On July 21, 2016, the Securities Industry and Financial Markets Association (SIFMA) issued its latest annual update and overview of the U.S. repo market. SIFMA measured the daily turnover of the US repo market from June 2015 to June 2016 at $2.2 trillion. During that same period, the triparty repo market, which makes up a major portion of the U.S. repo market, was dominated by US government securities. SIFMA found that US treasury securities made up 48.5 percent of the triparty repo market, with the remaining collateral pool comprised of non-agency mortgage-backed and asset-backed securities (30.1%), equities (7%), corporate bonds (4.8%), and federal agency and government sponsored enterprises securities (2.6%).
SIFMA credits, at least in part, new regulation and consistent and well crafted standardized transaction documents for the continued strength, resiliency, and safety of the U.S. repo market, saying: "recent reforms in the triparty repo market have further enhanced the resiliency of this market.

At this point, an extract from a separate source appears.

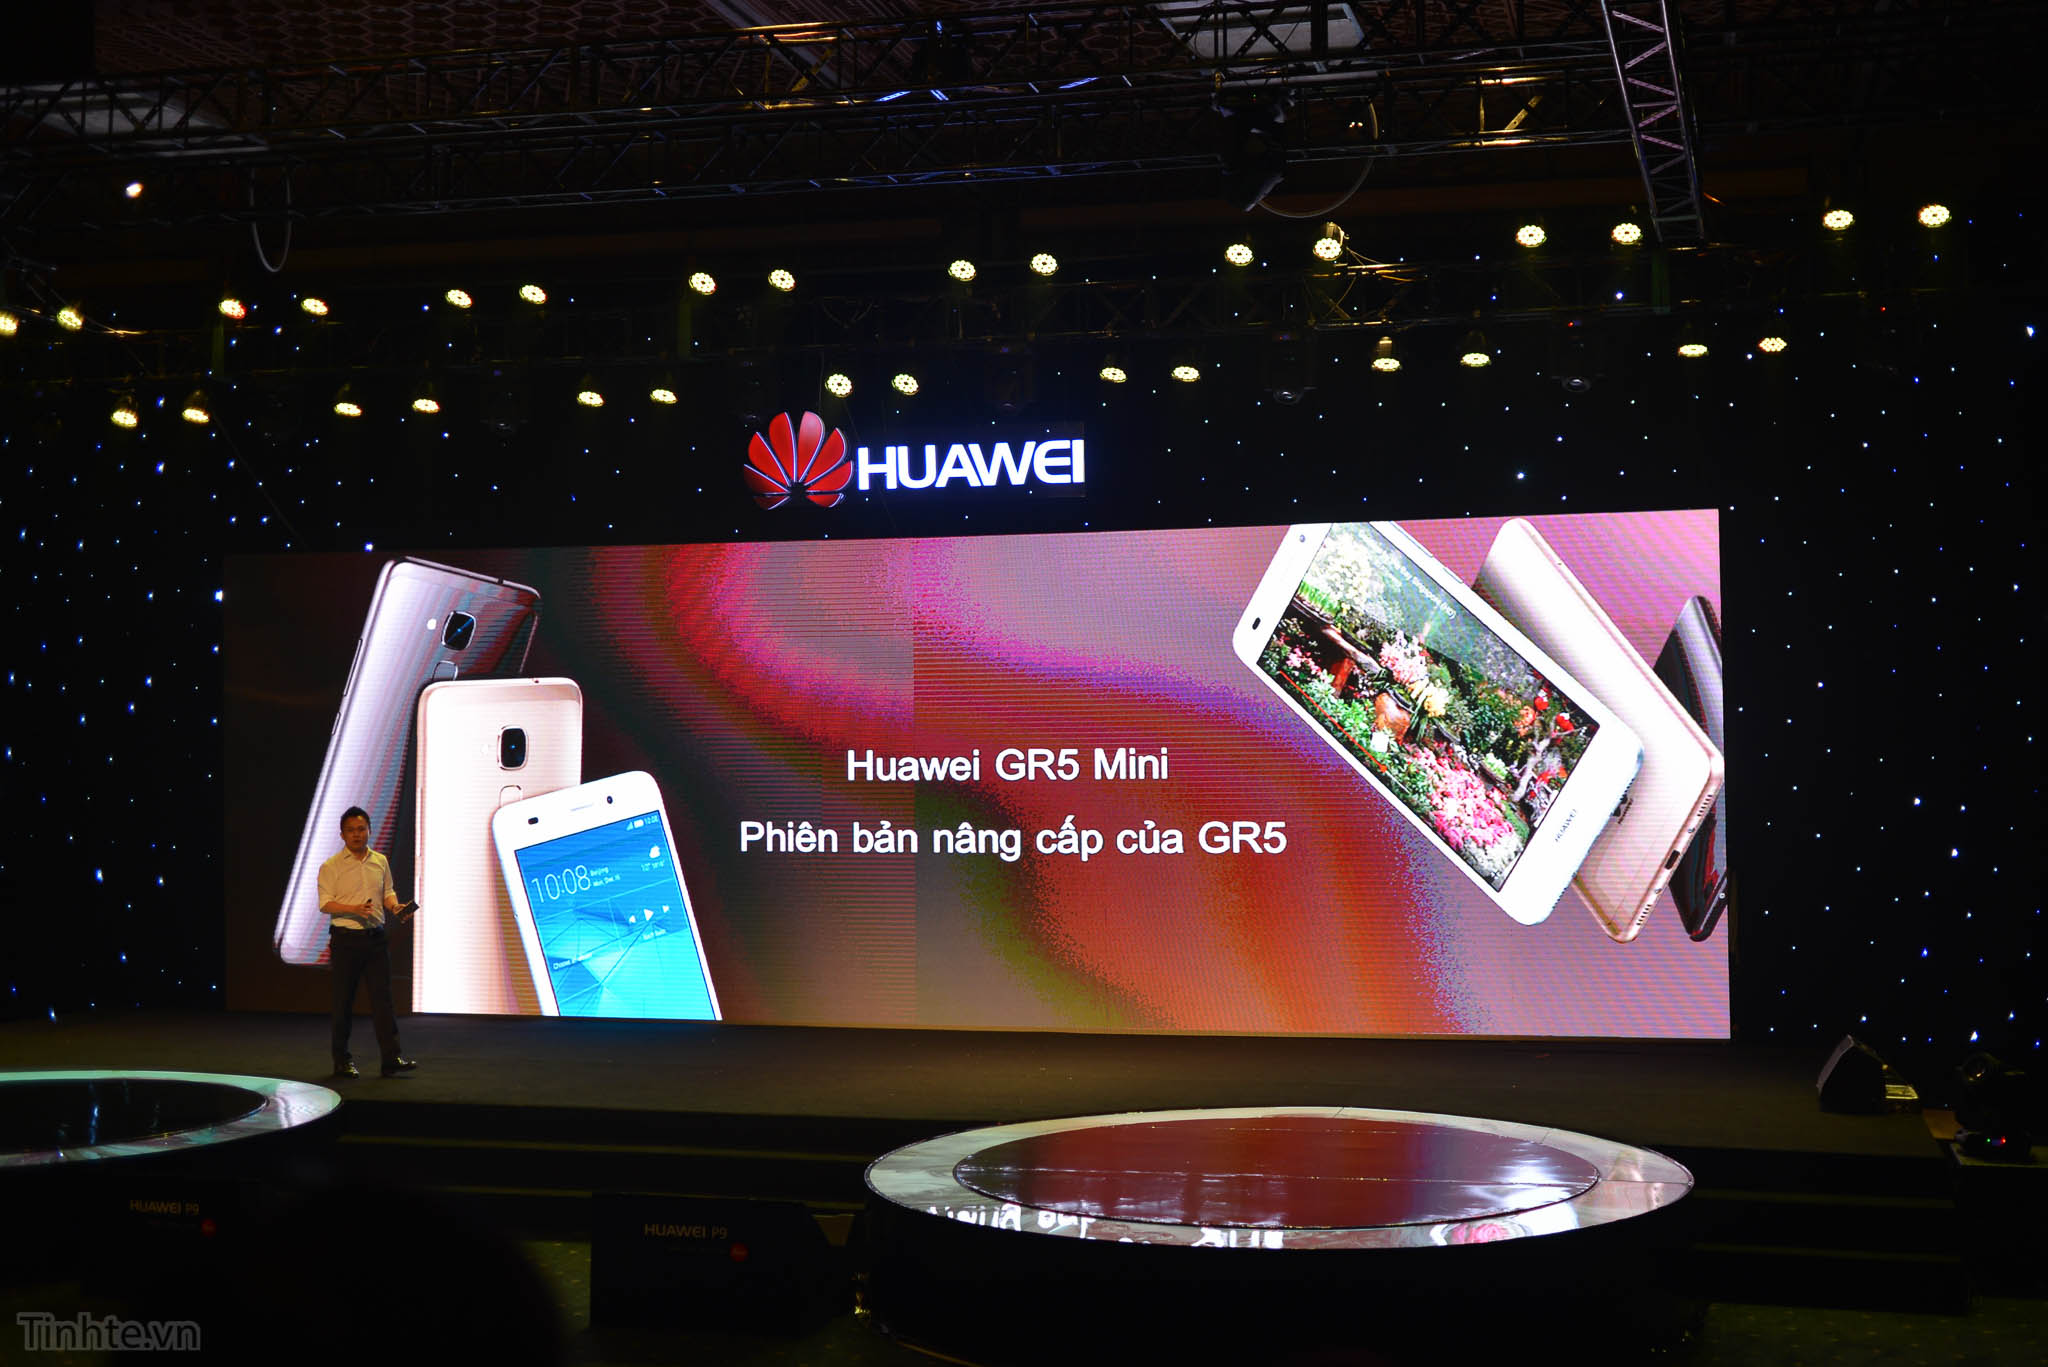 Huawei_P9_tinhte.vn-5.jpg
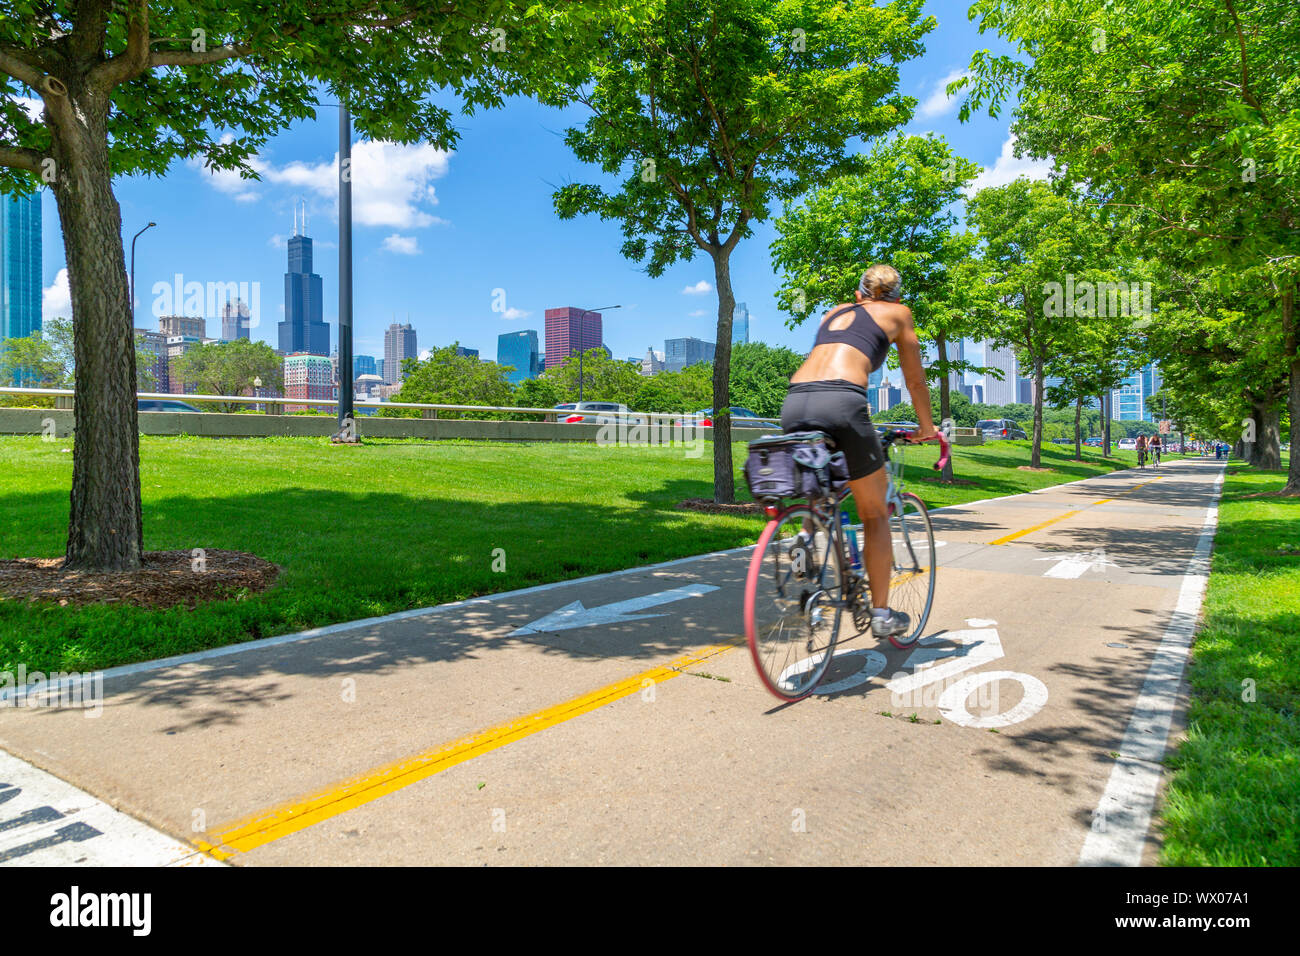 Vue d'horizon de Chicago et le cycliste sur South Lake Shore Drive, Chicago, Illinois, États-Unis d'Amérique, Amérique du Nord Banque D'Images

Market standard documentation, broadly accepted in the market, provides further certainty for market participants."
The fact sheet also reiterates the what SIFMA sees as the main benefits of the US repo market.
"A liquid and developed repo market allows market participants, most prominently the primary dealers1, to act as market makers in fixed income securities and thus contribute to the highly liquid secondary markets in these securities. In particular, the active repo market allows market makers to finance an inventory of securities and to source securities that are not in inventory in order to meet secondary market, or investor, demand. This ability to finance and source securities in an efficient way contributes to lowering interest rates paid by the issuers, most notably the U.S. Treasury. This, in turn, lowers the debt-service cost borne by taxpayers."